Este artigo será um meio interessante e útil para endereçar tópicos sobre biologia (biomecânica – ossos, músculos, tendões e ligamentos; evolução – homologia e analogia) e tópicos sobre física (eficiência, forças, velocidade, corridas e movimentos) no ensino Básico e Secundário. Por exemplo, pode ser usado para abordar a biomecânica da caminhada e da corrida em diferentes espécies e os aspectos funcionais das próteses de membros inferiores (como as usadas pelo corredor Oscar Pistorius). Pode ainda servir como uma valiosa leitura para contextualizar uma visita a um museu de história natural ou um jardim zoológico ou a um laboratório de robótica.

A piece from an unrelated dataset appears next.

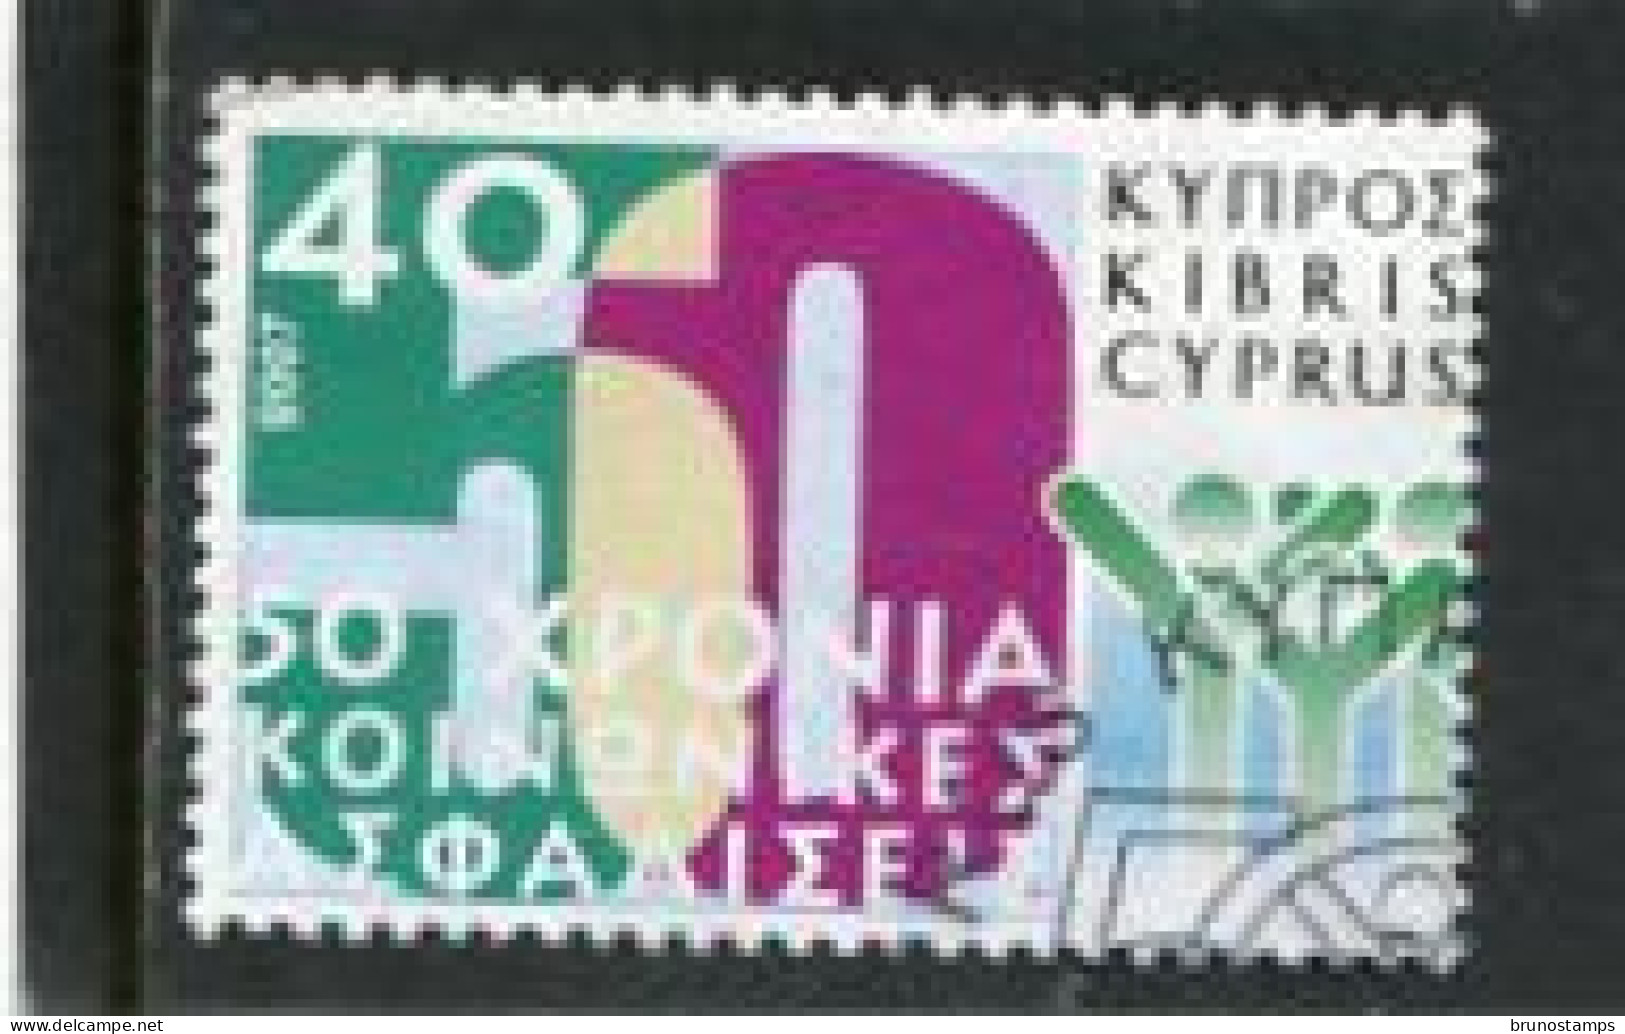 CYPRUS - 2007 SOCIAL SECURITY  FINE USED - Oblitérés

Algumas questões de compreensão adequadas:

  1. A hipótese na investigação de Nina Schaller era de que o sistema locomotor das avestruzes:
    1. maximiza a produção de energia e os requisitos energéticos
    2. minimiza a produção de energia e maximiza os requisitos energéticos
    3. maximiza a produção de energia e minimiza os requisitos energéticos
    4. minimiza a produção de energia e os requisitos energéticos.
  2. As pernas das avestruzes têm
    1. musculatura localizada na parte superior do osso da coxa e tendões curtos
    2. musculatura localizada na parte superior do osso da coxa e tendões longos
    3. musculatura localizada na parte inferior do osso da coxa e tendões curtos
    4. musculatura localizada na parte inferior do osso da coxa e tendões longos.